Greg Brockman, OpenAI’s president and co-founder, didn’t mince words during the high-stakes trial pitting Elon Musk against his former venture. Musk does not know AI. That’s what Brockman told the federal court in Oakland on Tuesday, wrapping up his second day of testimony in a case that could reshape the AI landscape. He knows rockets. He knows electric cars. But AI? A major concern back then, and still now, according to Brockman. The blunt assessment came amid Musk’s lawsuit accusing OpenAI leaders of betraying the nonprofit’s founding mission by chasing billions in a for-profit pivot now valued at $852 billion. The Information first reported Brockman’s pointed remark, which underscores the personal venom fueling this showdown between two of tech’s most powerful figures.
And yet. The testimony painted a picture far more complex than a simple expertise gap. Brockman recounted a 2017 meeting at Musk’s ‘haunted mansion’ where tensions boiled over Musk’s demand for 62.5% control of OpenAI. I truly thought he was going to physically attack me, Brockman said, describing Musk’s fury after the board rejected his bid. The confrontation followed celebratory drinks with Amber Heard; it ended with Musk halting funding. OpenAI counters that Musk left voluntarily after failing to dominate, then launched rival xAI. Wired detailed the explosive exchange, highlighting how OpenAI views Musk’s behavior as erratic.

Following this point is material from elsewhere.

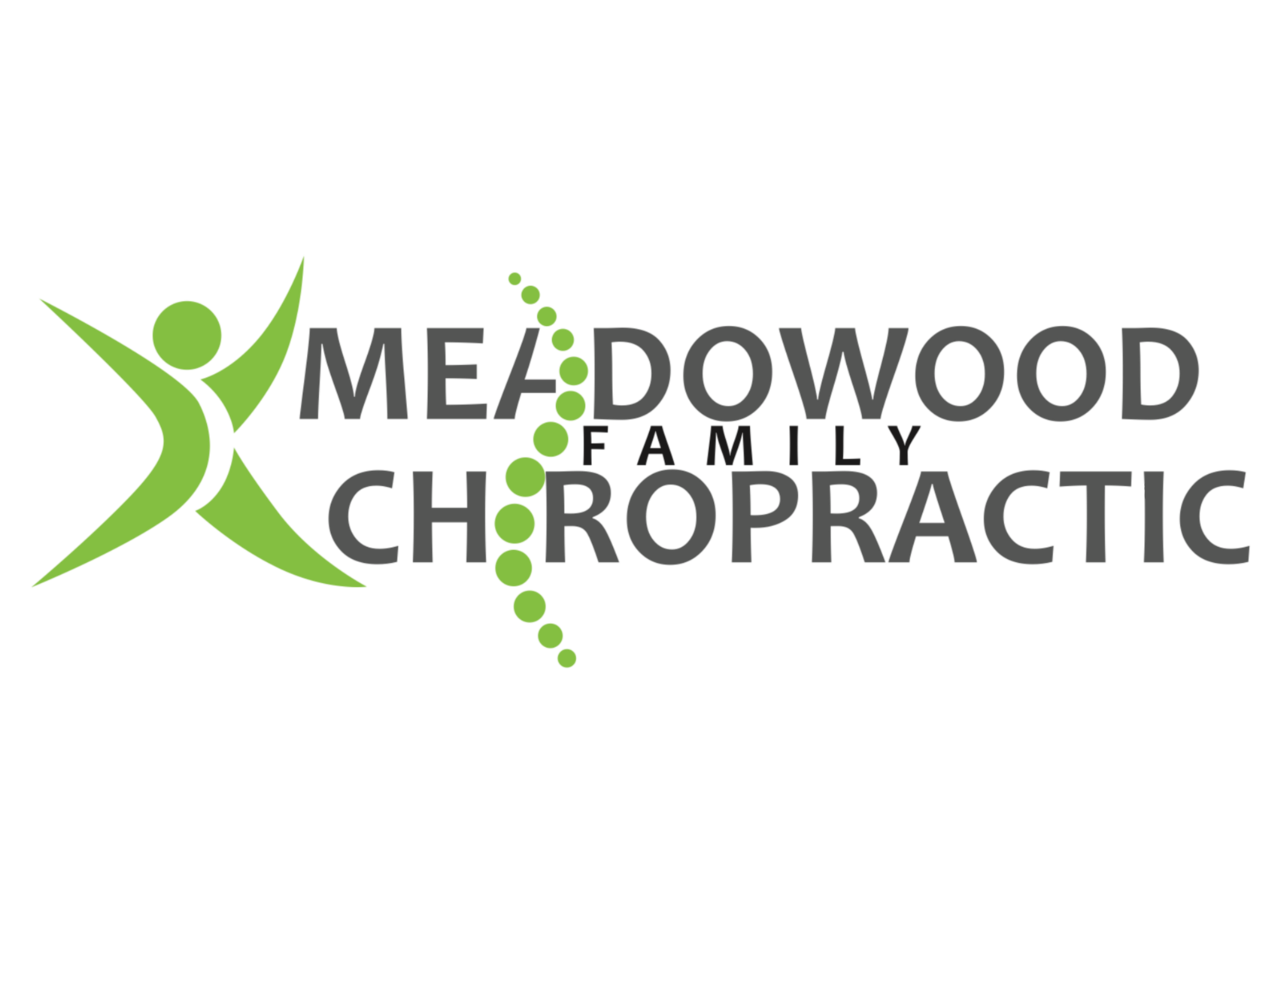 Meadowood Chiropractic

Flash forward to days before the trial kicked off last week. Musk messaged Brockman probing settlement interest. Brockman suggested dropping all claims. Musk fired back: By the end of this week, you and Sam will be the most hated men in America. If you insist, so it will be. The exchange, revealed in court filings, shows stakes beyond money—Musk seeks Altman and Brockman’s removal from OpenAI. Yahoo Finance covered the threat, which OpenAI lawyers pushed into evidence.
Brockman’s own words haunt him too. Musk’s attorneys grilled him on 2017 journal entries: warm to steal the nonprofit from [Musk] to convert to b corp without him. Musk’s story will correctly be that we weren’t honest with him in the end about still wanting to do for profit just without him. Brockman admitted skipping his $100,000 nonprofit pledge but now holds a $30 billion stake in the for-profit arm. It’d be wrong to steal the non-profit from him. That’d be pretty morally bankrupt, he wrote back then. Hypocrisy? Musk’s team thinks so. Fortune noted these damaging admissions from Monday’s testimony.
Musk pushes back hard. During his week-one stand, he admitted xAI trained Grok partly by distilling OpenAI’s GPT models—a terms-of-service violation, he shrugged, claiming everyone does it. He expects AI smarter than any human next year, calling AGI close. Here we are in 2026, AI is very smart. OpenAI knew of Musk’s Tesla AI work, Brockman testified, but worried he wouldn’t dedicate time to master it. Ilya [Sutskever] and I did not think that he was going to spend the time required. ABC7 News reported Musk’s AGI prediction; Bloomberg captured Brockman’s doubt.
But actions speak louder. xAI’s Colossus supercomputer—200,000 GPUs built in 92 days after initial 122-day ramp-up—powers Grok, outpacing rivals in scale. No one has come close to building at this magnitude and speed, xAI boasts on its site. Yet talent wars rage both ways. OpenAI snagged xAI infra head Uday Ruddarraju and engineer Mike Dalton, who built Colossus, plus Tesla’s David Lau and Meta’s Angela Fan for its scaling team. xAI poached Nvidia’s Ethan He for Grok 4. Reverse raids: Bezos lured xAI co-founder Kyle Kosic from OpenAI for Project Prometheus. xAI announced Colossus; poaching details from Wired via secondary reports, though Wired’s primary on hires confirms the frenzy.
Trial revelations keep coming. Brockman confirmed Musk backed a for-profit shift to fundraise $80 billion for a Mars city—his true aim, OpenAI claims. Musk was unaware of Brockman’s adjusted compensation or investments like Cerebras, where Brockman held stakes during acquisition talks. A Musk associate knew, but not Elon directly. Time was limited. Hard to get hold of him. The New York Times on Musk’s commercial push; The Wall Street Journal on hidden deals.
So where does this leave the AI race? OpenAI’s ChatGPT dominance faces Grok’s speed in coding, search, real-time data—verticals where xAI gains ground. Brockman’s stake ballooned on nonprofit donations, including Musk’s $38 million. Musk vows xAI will exceed on coding soon. Jury deliberations loom next week on an advisory ruling. Betrayal or business as usual? The court will say. But one thing’s clear. Expertise claims aside, both sides wield massive compute and cash. Humanity’s AI future hangs in the balance, wolves and sheep alike.